Understanding cellular crosstalk is vital for uncovering molecular mechanisms associated with cell differentiation and disease progression.（ $\color{red}{这是共识}$ ）。这一部分主要讲了一下几点：
（1）information of cellular proximity and crosstalk is not captured（单细胞技术的缺点）
（2）current LR inference methods usually predicts, hundreds of potential LR pairs for a given scRNA-seq dataset making their interpretation challenging （目前方法上的缺陷，大部分软件是这样的预测配受体）。
（3） most 20 LR methods focus on the analysis of a single scRNA-seq experiment and are not able to characterize changes in cellular crosstalk between pairs of conditions,（这里就体现通讯强度在不同条件下的变化，而不是简简单单知道哪些特异性的配受体）。
（4）CrossTalkeR explores network-based measures to rank cell types, receptors,ligands, cell-receptors and cell-ligand pairs regarding their importance in cellular crosstalk in a single or a pair of biological conditions.（怎么样，分析思路绝对是perfect），并且和cellphoneDB的库可兼容，看来cellphoneDB一哥的地位无可撼动。

Overview and implementation

图片.png

我们来看看这个软件的几个特点。
1、疾病样本和正常样本是分开分析的。（数据是否整合我们需要进一步看看）
2、配受体的强度仍然采用平均值相乘的方法
3、对于不同state下的配受体，对比配受体强度的变化（上调和下调），及调控网络
4、配受体优先次序的排序，这个很创新
我们详细看看每步的过程。

Network Construction

CrossTalkeR constructs two representations of the LR network.
（1）On the cell-cell interaction (CCI) network, the nodes are defined by each cell-type and the edges are weighted by characteristics of the interactions 。 number of LR pairs and sum of weights of LR pairs。（数量和强度）
（2）On the cell-gene interaction (CGI) network, the nodes represent gene and cell pairs (ligand and sender cell or receptor and receiving cell) and the weights are amsmath igiven by the mean LR expression.（细胞基因的相互网络）。
（3）differential CCI and CGI networks are obtained by subtracting the condition state network, e.g.disease, from the control state network. In this way, the interactions with positive values are up-regulated in the condition and the negative valued interactions are down-regulated on the experiment (disease) state.（对比分析）。

Network-based analysis

（1）Node Ranking approaches:（这部分我们详细翻译一下）：
We apply distinct network property methods to rank either the CCI and CGI network. By default, measures take the weights of LR pairs into account.（使用不同的网络属性方法对CCI和CGI网络进行排名。默认情况下，度量会考虑LR对的权重。）

图片.png

不知道大家能不能详细看出来和之前分析方法的不同。

方法：

图片.png

这部分是解释说明，相对简单。

图片.png

这个地方说的是基因细胞网络的构建。

图片.png

这个地方解释CCI网络，和我们通常的网络差别不大。

图片.png

研究差别倒是很省事😄

图片.png

这里强调了，数据是在整合的基础上构建网络的，整合方法推荐的是Seurat的（恕我直言，der）。

图片.png

和上面一样，研究等级。

最后一部分很值得我们注意：：

PC analysis of network properties

CrossTalkerR employs PCA as a mean to combine distinct network measures. By default, it provides scores of two first PCs as a mean to rank either gene-cell pairs in GCI networks or cells in CCI networks.（排序的方式居然是PCA），CrossTalkeR also provide importance of variables within the PCs to make then interpretable. We interpret that the first PC capture global interactions, whilethe second PC local interactions.
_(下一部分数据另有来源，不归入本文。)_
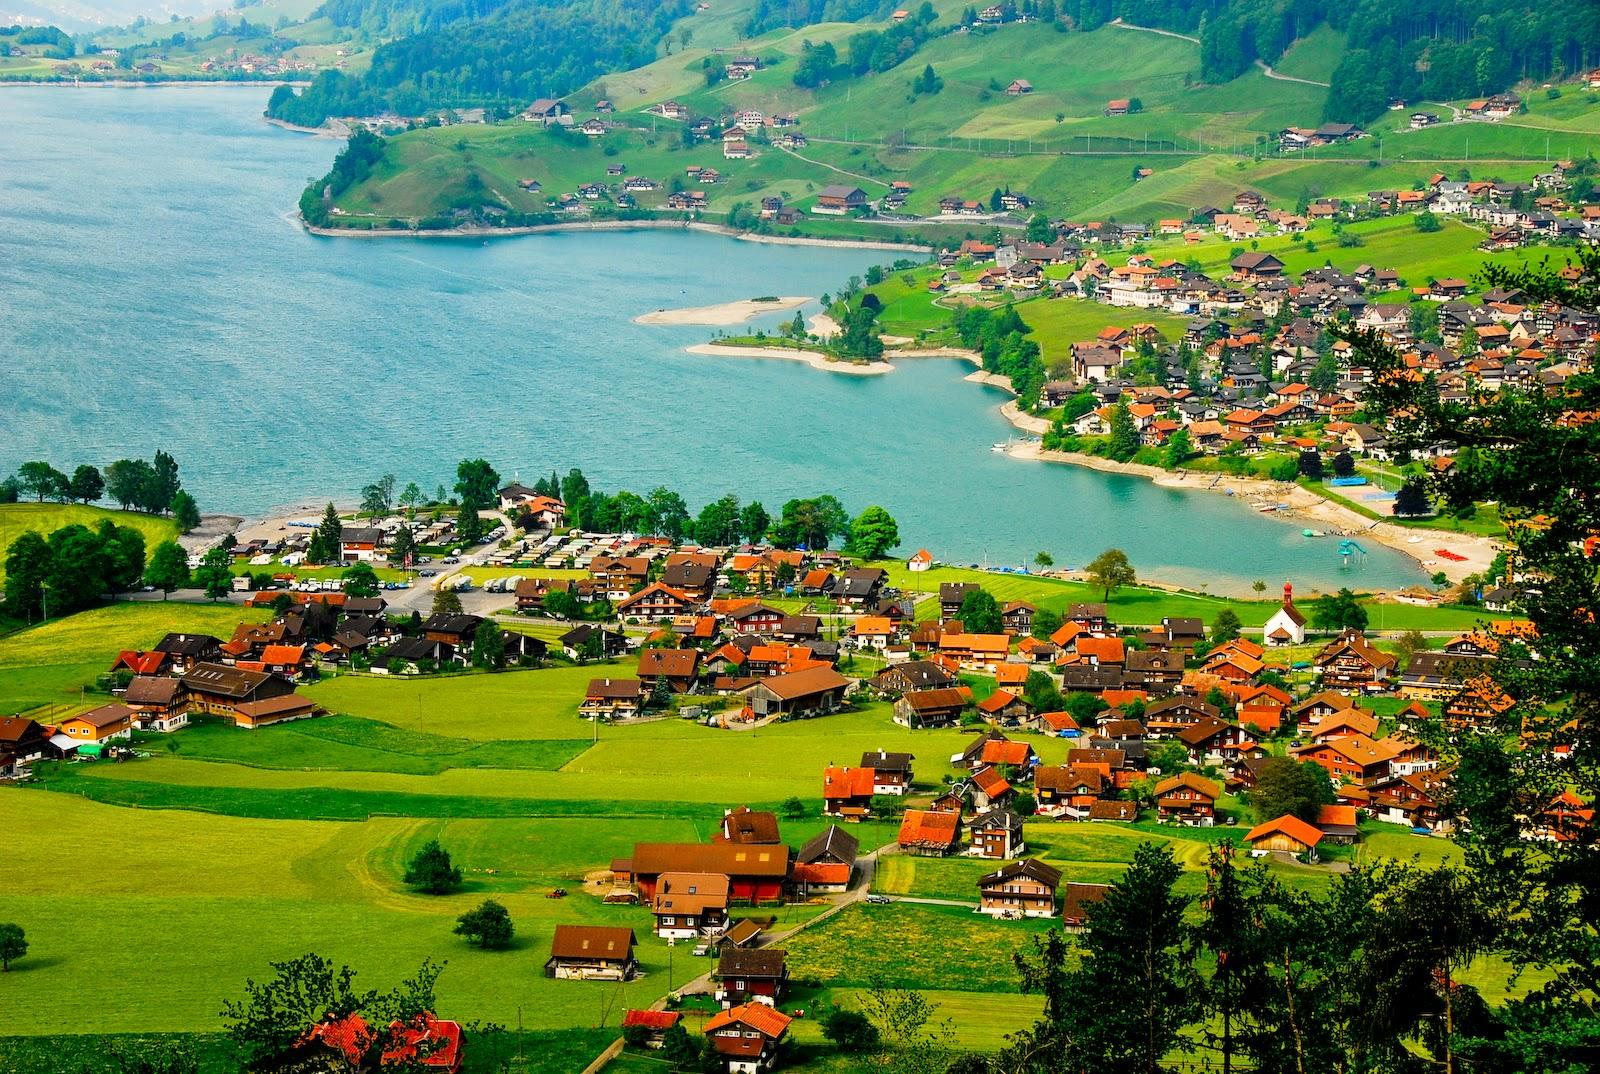 Interlaken Switzerland Wallpaper and Background Image 1600x1074 1600x1074

Top up-regulated cell-gene pairs predicted by PC2 include matrix (FN1/MSC, COL1A1/MSC) and TGFB signalling associated genes (TGFB1/Megakaryocyte), as previously discussed.。

图片.png

我们来看看参考代码

1 - Step Extract data from Seurat Object

require(EWCE)
require(tibble)
require(biomaRt)
require(tidyr)
require(dplyr)
# Basic function to convert mouse to human gene names
data_ <- readRDS('path_to_data')
alldata <- NormalizeData(alldata, normalization.method = "LogNormalize", scale.factor = 10000)
allgenes <- rownames(alldata)
matrix1 <- as.data.frame(alldata@assays$RNA@data)
matrix1 <- matrix1[rowSums(matrix1[,2:dim(matrix1)[2]])!=0,]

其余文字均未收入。